One category of profession is driven by the mediocre, the average, and
the middle-of-the-road. In it, the mediocre is collectively consequential.
The other has either giants or dwarves—more precisely, a very small number
of giants and a huge number of dwarves.
Let us see what is behind the formation of unexpected giants—the
Black Swan formation.
The Advent of Scalability
Consider the fate of Giaccomo, an opera singer at the end of the nineteenth
century, before sound recording was invented. Say he performs in a
small and remote town in central Italy. He is shielded from those big egos
at La Scala in Milan and other major opera houses. He feels safe as his
vocal cords will always be in demand somewhere in the district. There is
no way for him to export his singing, and there is no way for the big guns
to export theirs and threaten his local franchise.
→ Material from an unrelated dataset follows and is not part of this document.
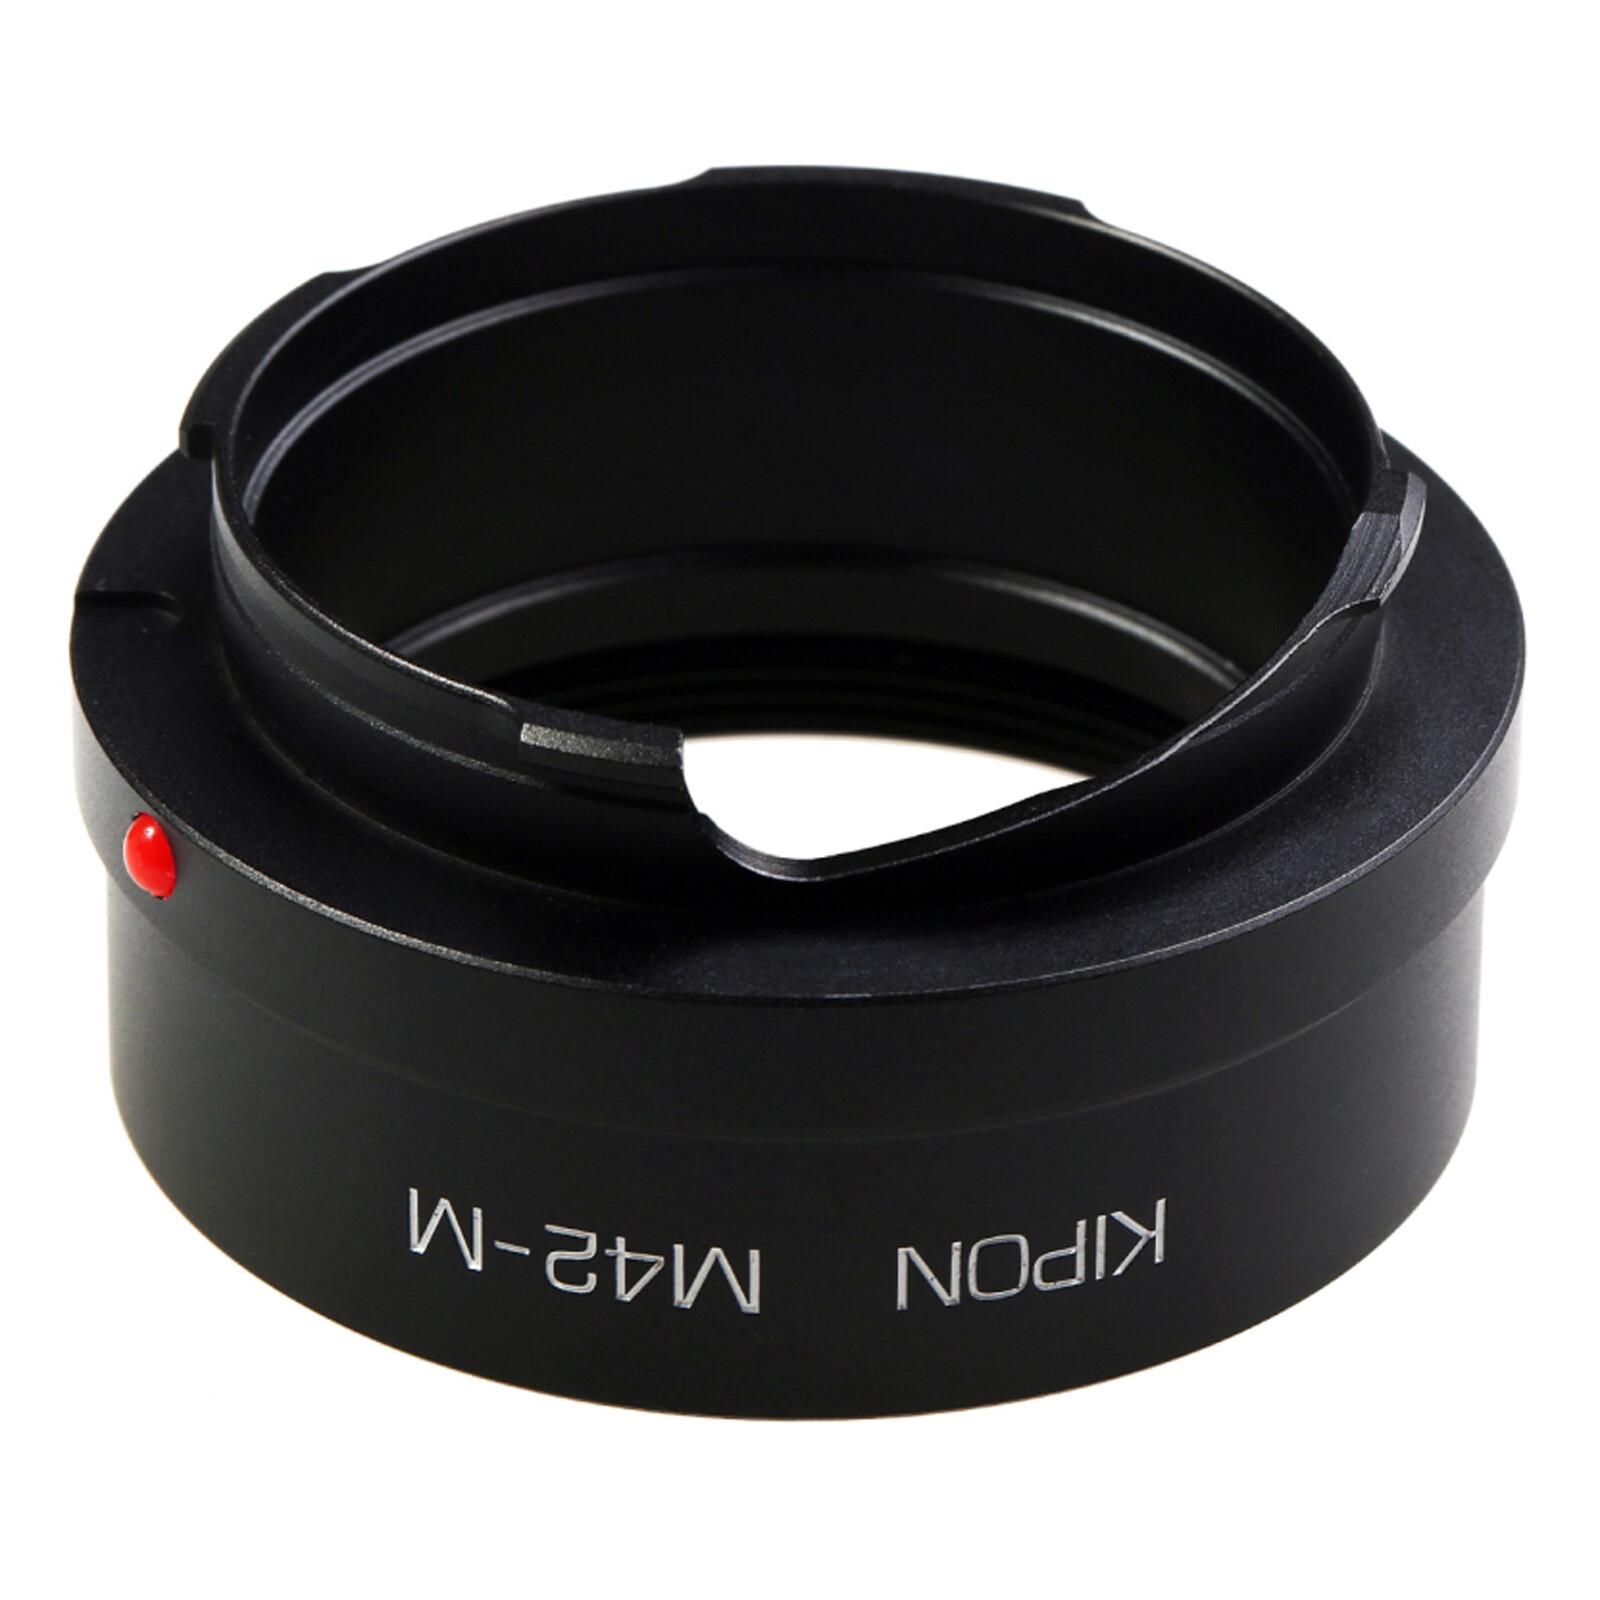 Kipon Adapter für M42 auf Leica M

It is not yet possible for
him to store his work, so his presence is needed at every performance, just
as a barber is (still) needed today for every haircut. So the total pie is unevenly
split, but only mildly so, much like your calorie consumption. It is
cut in a few pieces and everyone has a share; the big guns have larger audiences
and get more invitations than the small guy, but this is not too
worrisome. Inequalities exist, but let us call them mild. There is no scalability
yet, no way to double the largest in-person audience without having
to sing twice.
Now consider the effect of the first music recording, an invention that
introduced a great deal of injustice. Our ability to reproduce and repeat
performances allows me to listen on my laptop to hours of background
music of the pianist Vladimir Horowitz (now extremely dead) performing
Rachmaninoff's Preludes, instead of to the local Russian émigré musician
(still living), who is now reduced to giving piano lessons to generally untalented
children for close to minimum wage. Horowitz, though dead, is
putting the poor man out of business. I would rather listen to Vladimir
Horowitz or Arthur Rubinstein for $10.99 a CD than pay $9.99 for one
by some unknown (but very talented) graduate of the Juilliard School or
the Prague Conservatory. If you ask me why I select Horowitz, I will answer
that it is because of the order, rhythm, or passion, when in fact there
30 UMBERTO E C O ' S A N T I U B R A RY
are probably a legion of people I have never heard about, and will never
hear about—those who did not make it to the stage, but who might play
just as well.
Some people naively believe that the process of unfairness started with
the gramophone, according to the logic that I just presented. I disagree. I
am convinced that the process started much, much earlier, with our DNA,
which stores information about our selves and allows us to repeat our performance
without our being there by spreading our genes down the generations.
Evolution is scalable: the DNA that wins (whether by luck or
survival advantage) will reproduce itself, like a bestselling book or a successful
record, and become pervasive. Other DNA will vanish. Just consider
the difference between us humans (excluding financial economists
and businessmen) and other living beings on our planet.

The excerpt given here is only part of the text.